Some of the challenges for Semantic Web UI services, besides de-geeking things like Tabulator, will be to support data in formats that give the application information that is relevant to what display options may be appropriate for it (dates, map coordinates, contacts). It is not clear what the solution is: micro formats is one approach; fresnel, as described above, is another. It will be interesting to see how these approaches work across heterogeneous data sources and distinct contexts. It will also mean being able to add new data/links/tags.

That observation of the context in which the data is discovered leads back to the earlier observation that UIs for semantic web data, like all other human-usable systems, need to respect and support what the human wants to do with that data. Applications or higher level frameworks which start with this focus in mind have a greater likelihood of producing effective interactions. Being able to establish context for multiple intersecting data domains and data types may be as critical as being able to take advantage of a pre-asserted format for a particular data chunk. For example, consider the Web 2.0 application, Live Clipboard that enables sharing of Web content between Web pages (see: technical information on how it does that). With Semantic Web, we may want to be able to pull together a variety of sources of data and data formats together for concurrent representation in appropriate models ? data copied from various sources pasted into new representations to be used in new ways. How would a Semantic Web version of something like Live Clipboard work to deliver a dynamic version of AKTive futures?

6. Conclusions/Looking Forward


The bottom line in our argument is that Big Fat Graphs have their place, but overall, it?s a fairly limited place. One of the dangers of BFGs is that they are generally pretty easy to deploy. The algorithms for pumping data into many graphs are well known. They are the easy hammer to reach for when a semantic web researcher wants to deploy a visualization of their data. As we hope we have begun to demonstrate, it is a pathetic fallacy to assert that because the data model is a graph the data should therefore be displayed as a graph. Using BFGs introduce their own problems without necessarily solving any a user may have when engaging with the information so presented. As we have argued, graphs have limited value, even for many of the tasks which they are supposed to support. The harder question coming from this interrogation is ?how do we elegantly support the range of possible interactions both in pre-defined Semantic Web applications and in dynamic explorations of Semantic Web resources?? We have only sketched out some examples of current SW applications to support old tasks better and in new ways enabled by the Semantic Web, and to explore more dynamically SW-RDF resources for user-determined exploration. As is evident, much more innovative work is possible and needs to be done.

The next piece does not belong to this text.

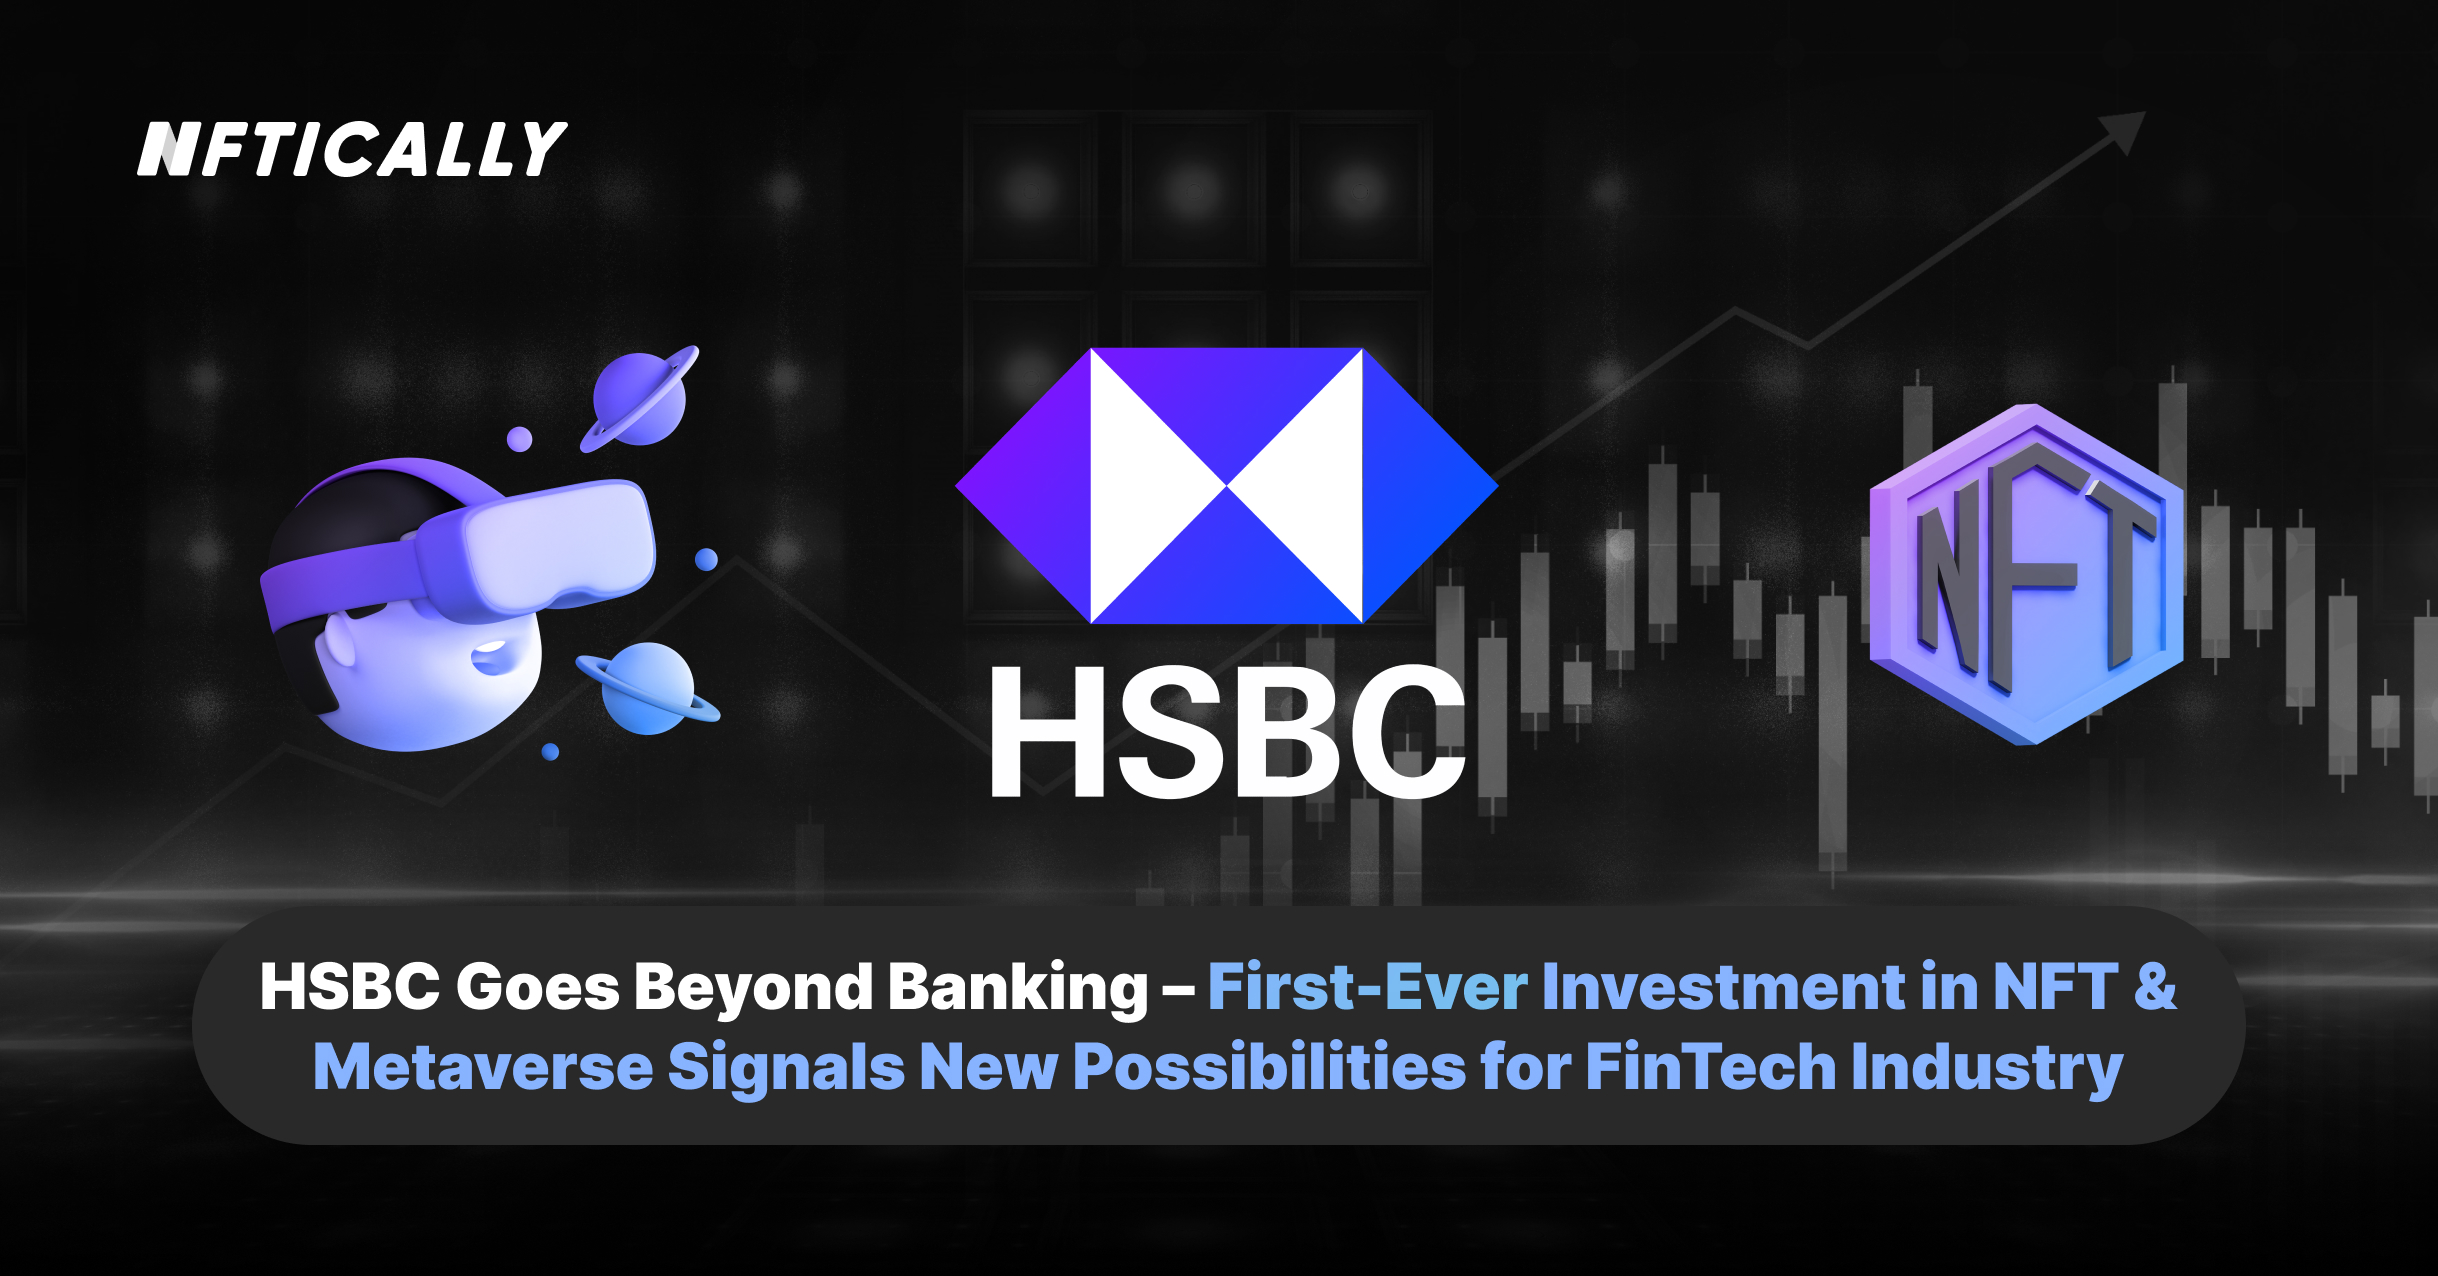 HSBC va au-delà du secteur bancaire : le tout premier investissement dans les NFT et le Metaverse ouvre de nouvelles possibilités pour le secteur FinTech

People at the coal face of RDF and Ontology work may not see it as their mission to consider that more human-oriented approach to representing information spaces for human usable, human-useful exploration. But why not? If we are presenting our tools or data for other people to use, is it not part of best practice in the engineering process to consider the best methods to support the presentation of / interaction with those services?  The result may well be the generation of Semantic Web browsers/tools/applications ? to enable people both to explore and contribute to the rich associations possible in the ((increasingly Social and) Semantic) Web.